:: DATASET EXTRACT ::
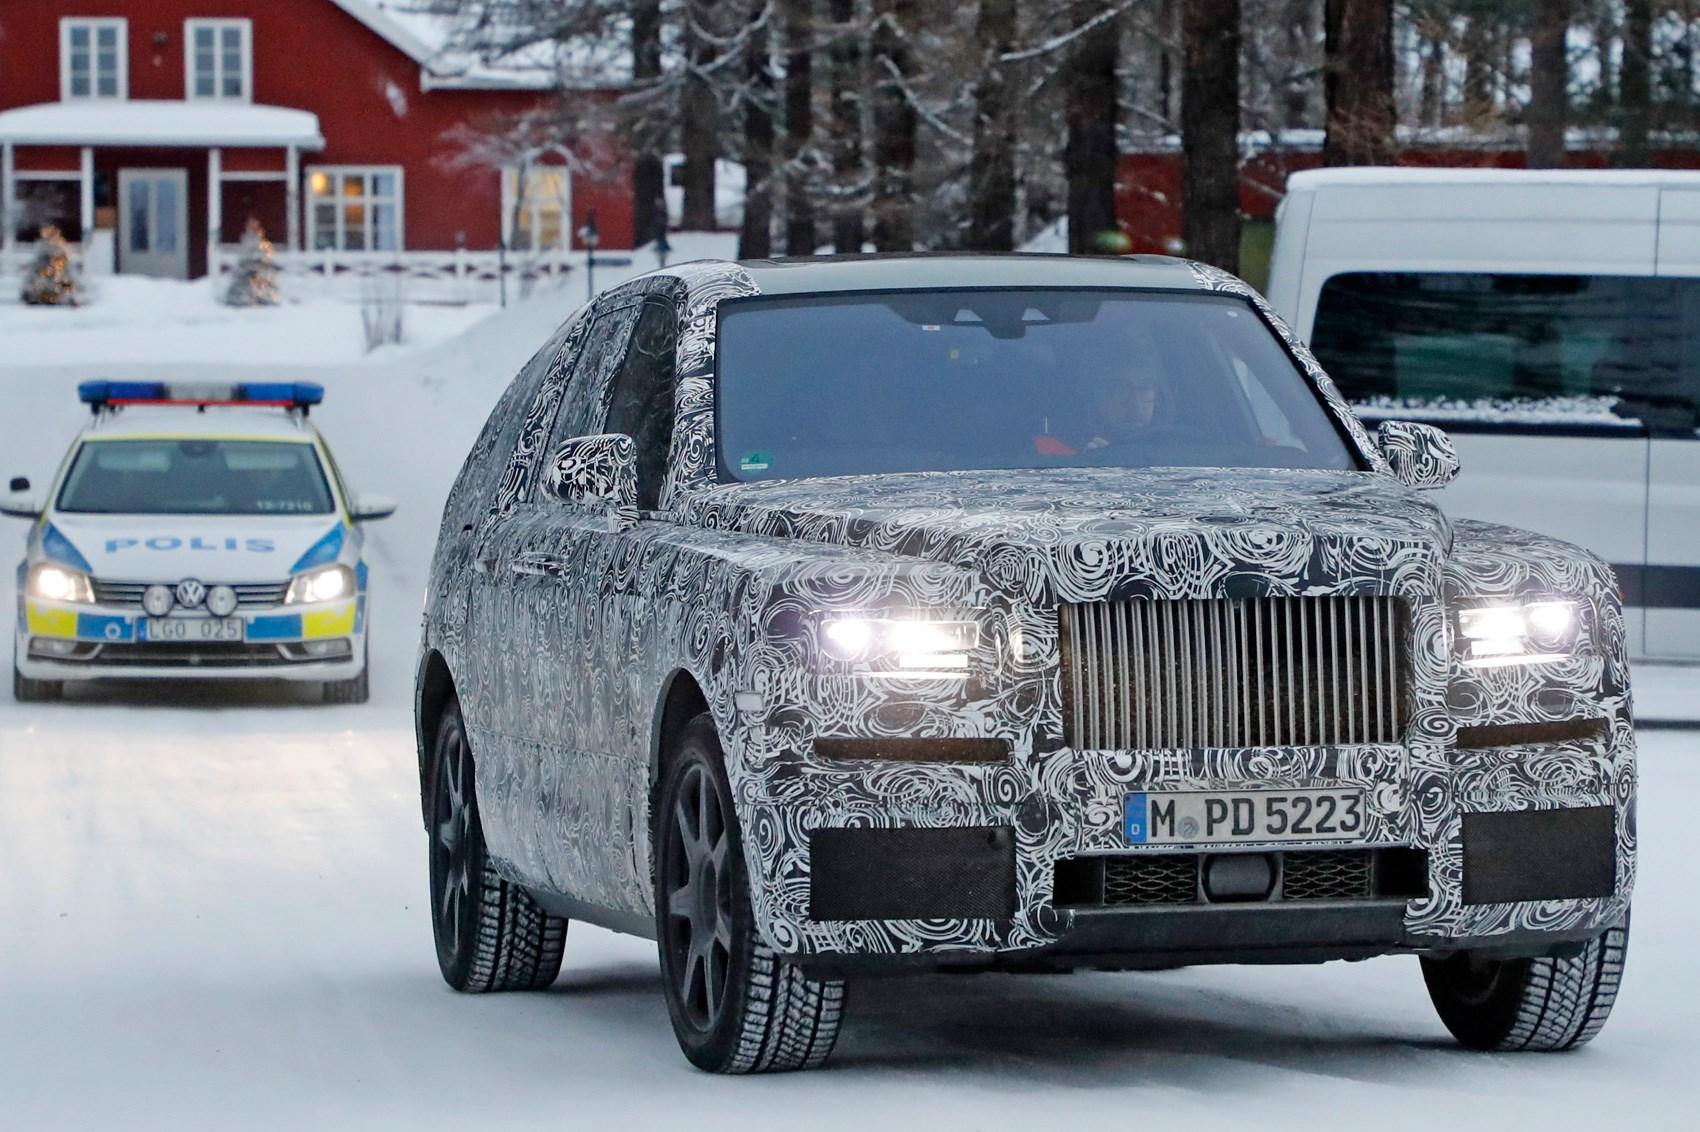 rolls royce cullinan 01 - Rolls-Royce voiture neuve au royaume uni la future Cullinan
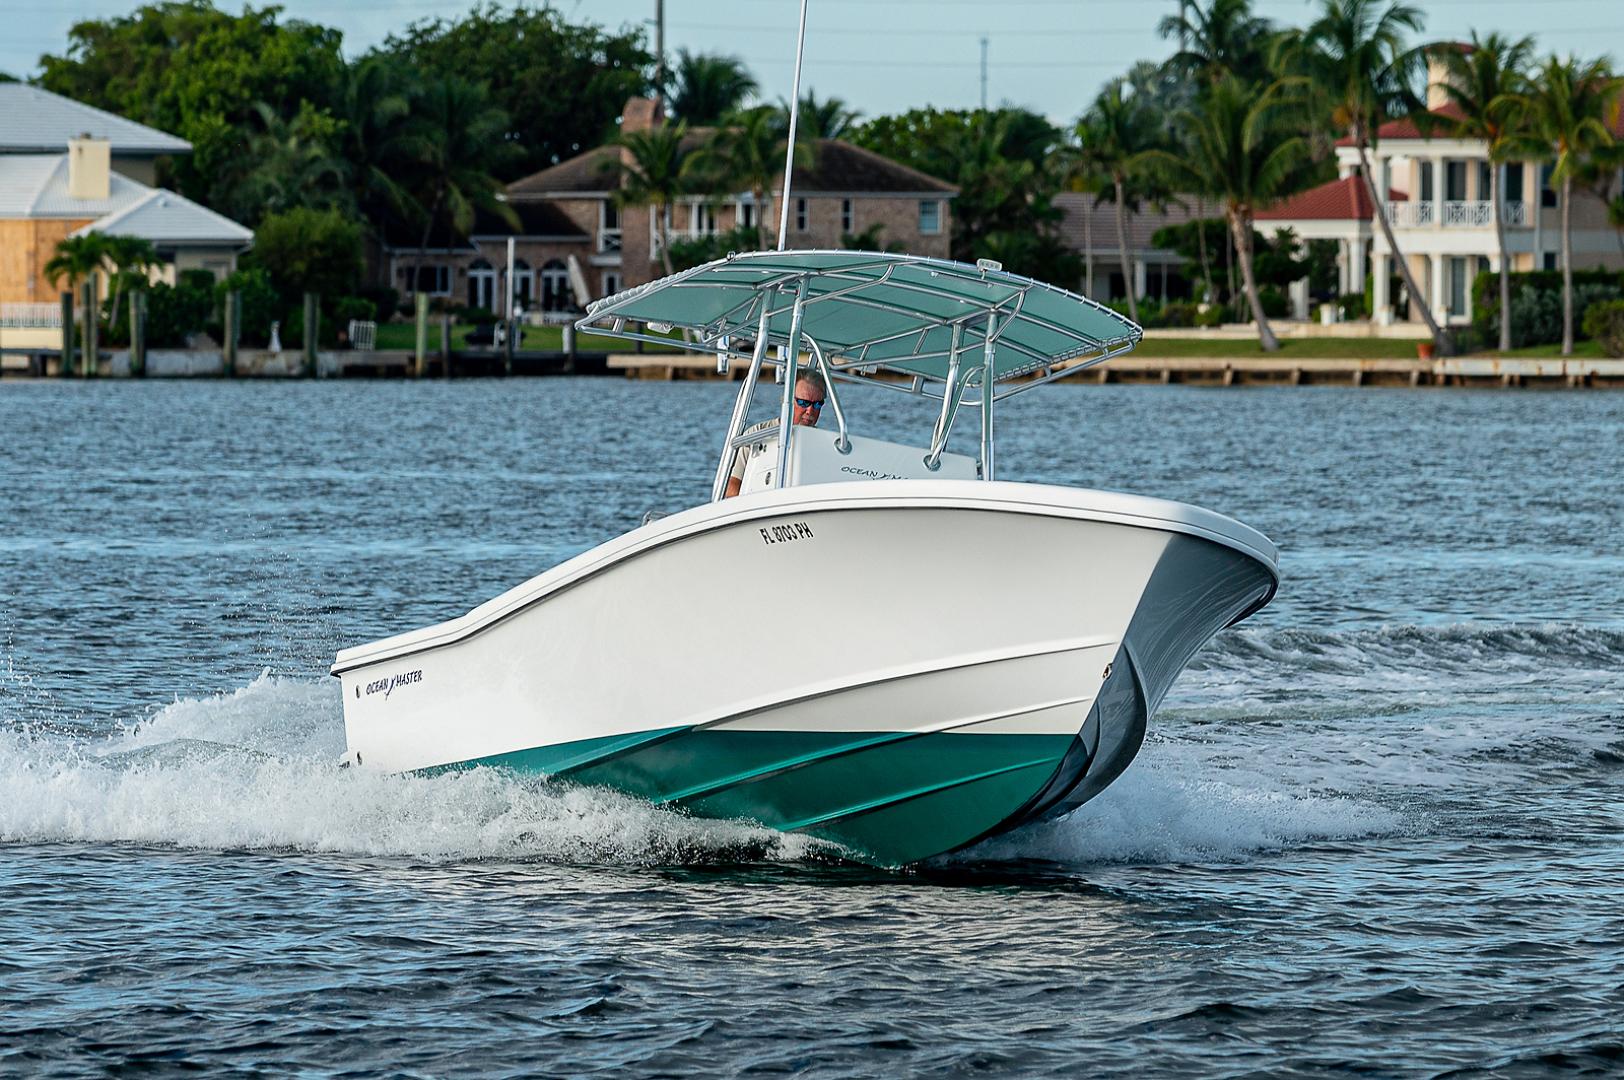 Ocean Master 2013-27 Ocean Master Palm Beach-Florida-United States-27 Ocean Master-1501380 | Thumbnail
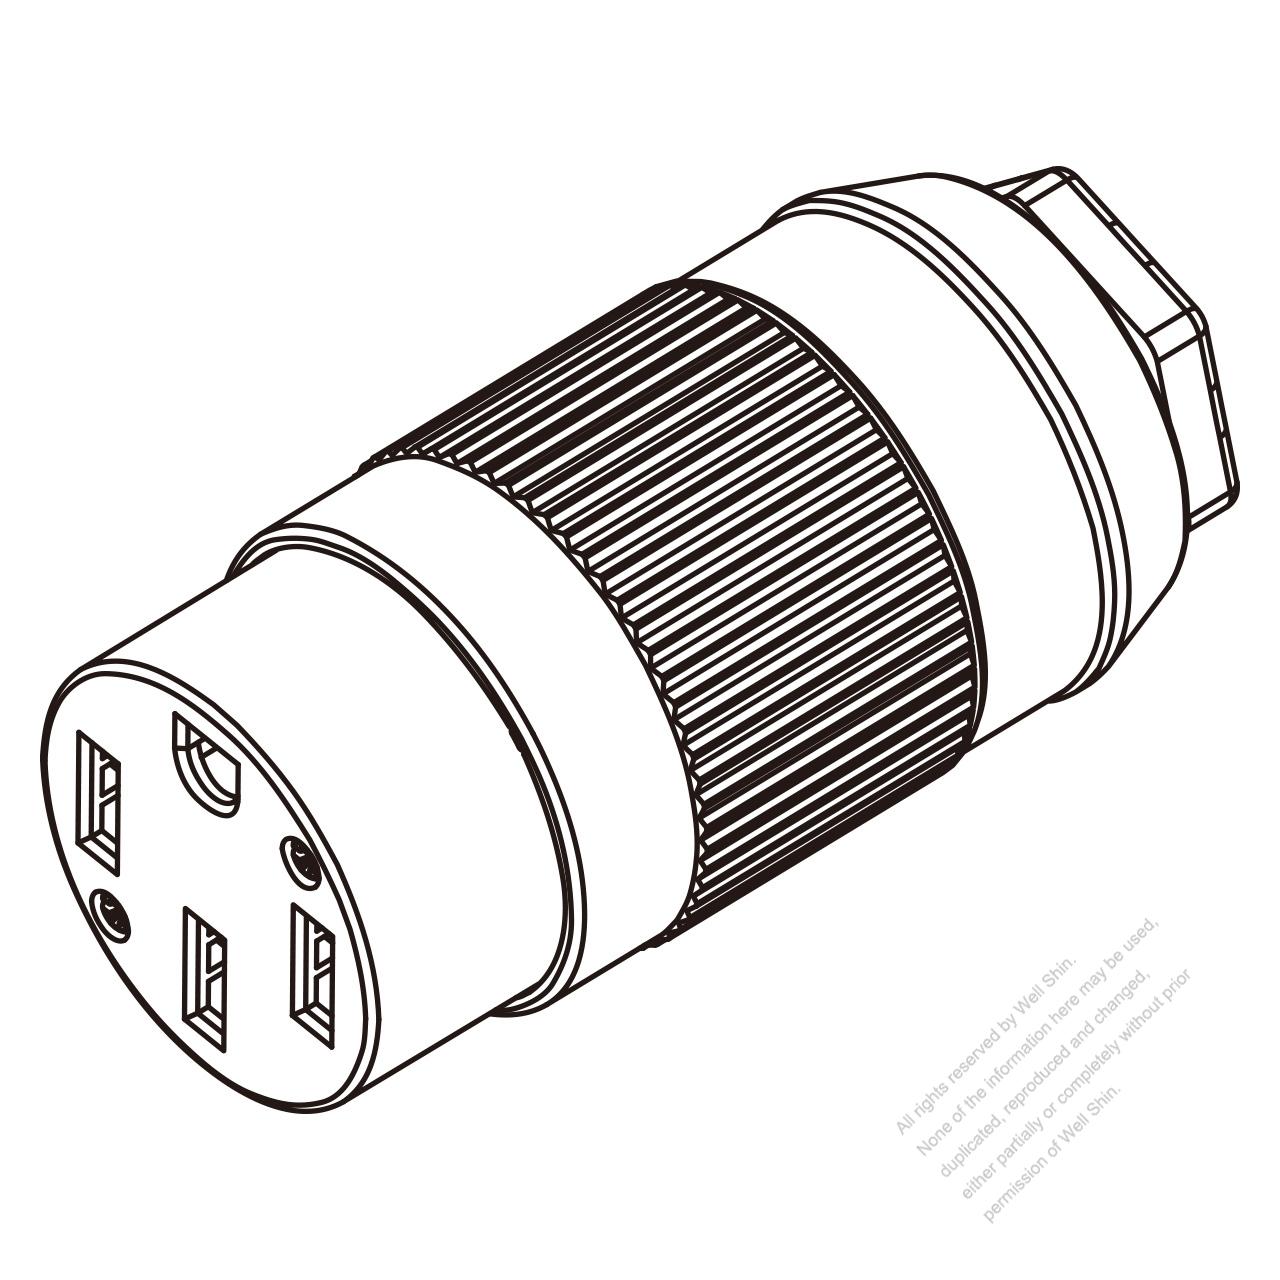 Nema 14 50r >> Usa Canada Connector Nema 14 50r 4 Pin 3 P 4 Wire Grounding50a
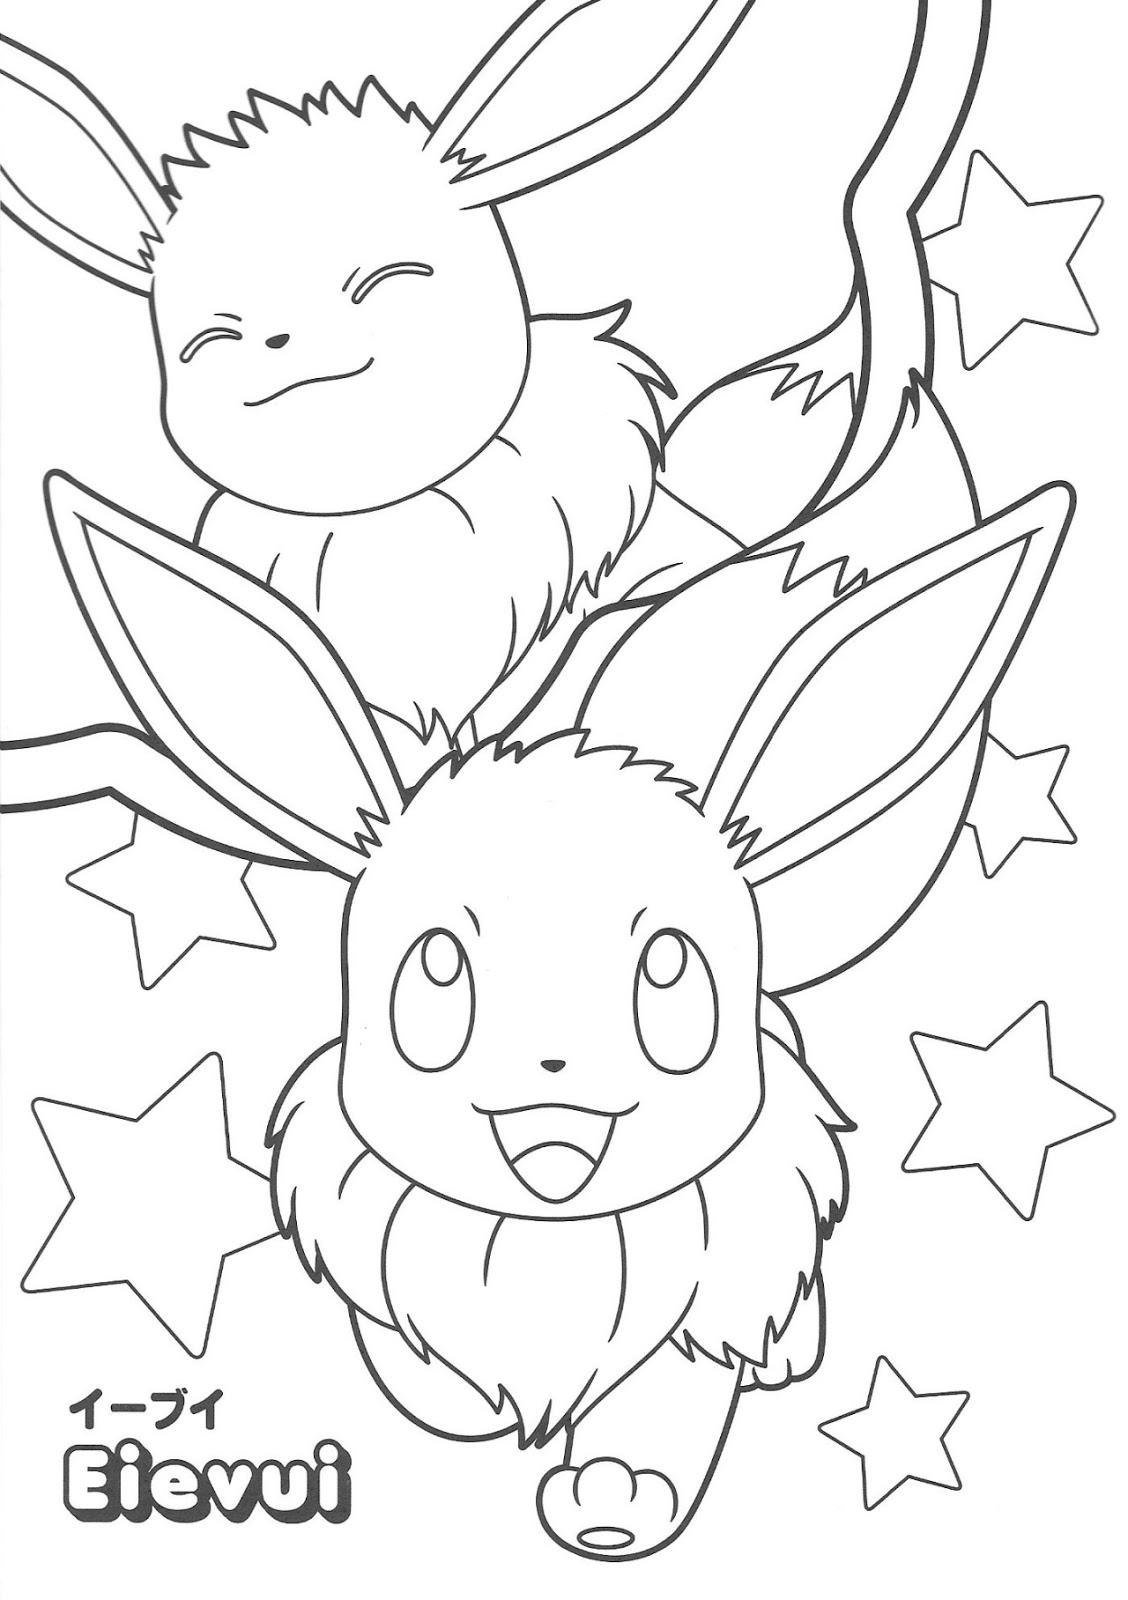 Desenhos Para Colorir Pikachu And Eevee Friends Oficial
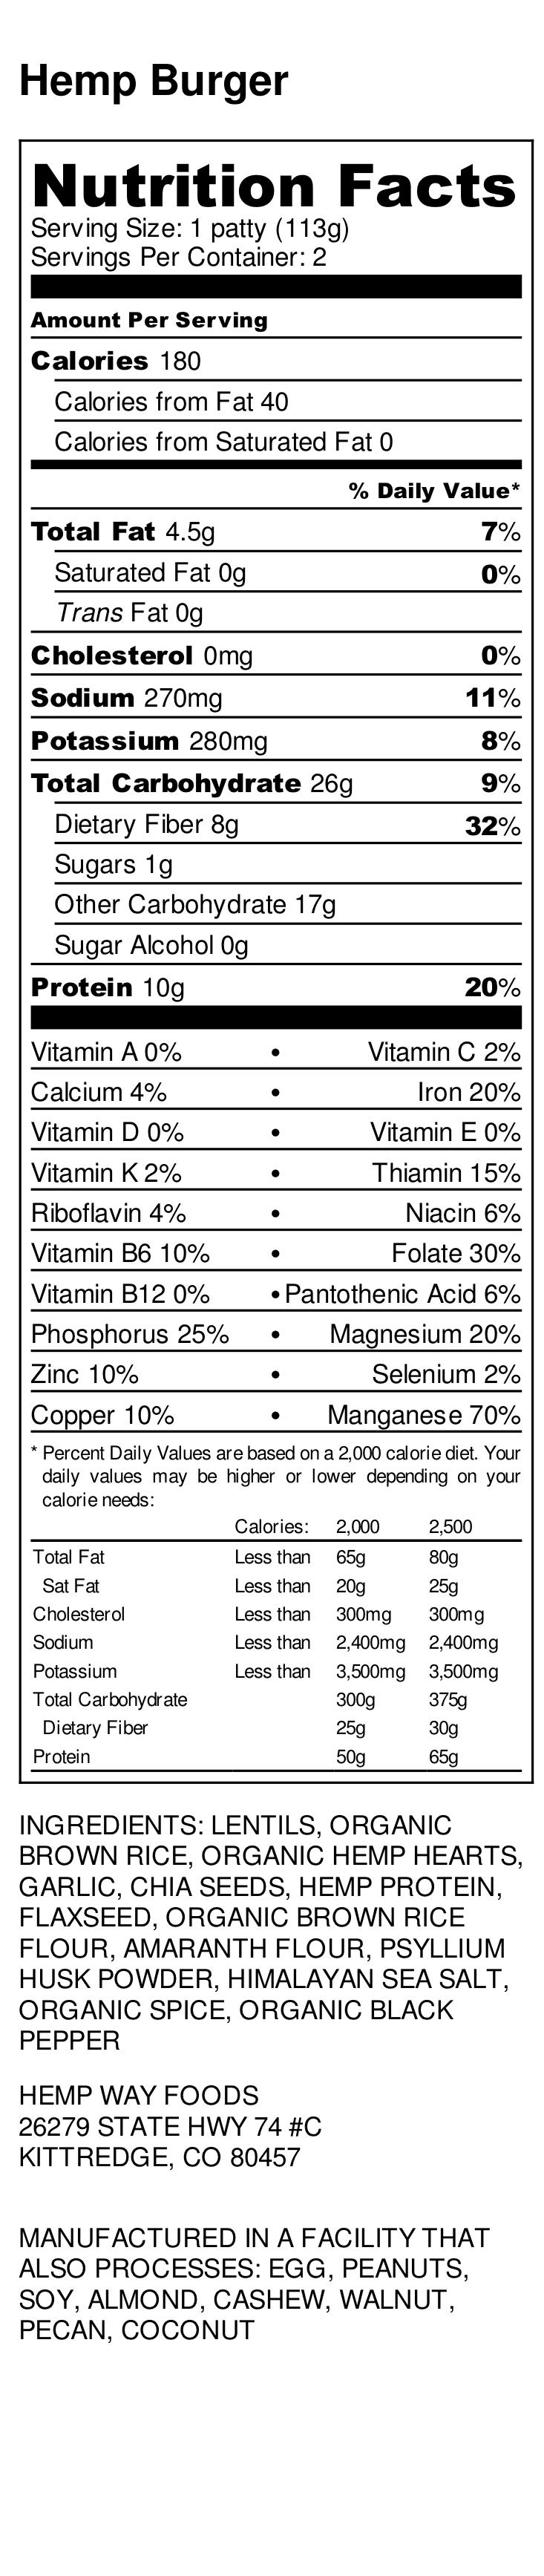 Hemp Burger - Nutrition Label (1).png

:: WORK ORDER ::
Could you repeat word for word only the lines from the one that contains "Desenhos Para Colorir" through the end of the listing, leaving out the pictures?

:: ANSWER BELOW ::
 Desenhos Para Colorir Pikachu And Eevee Friends Oficial
 Hemp Burger - Nutrition Label (1).png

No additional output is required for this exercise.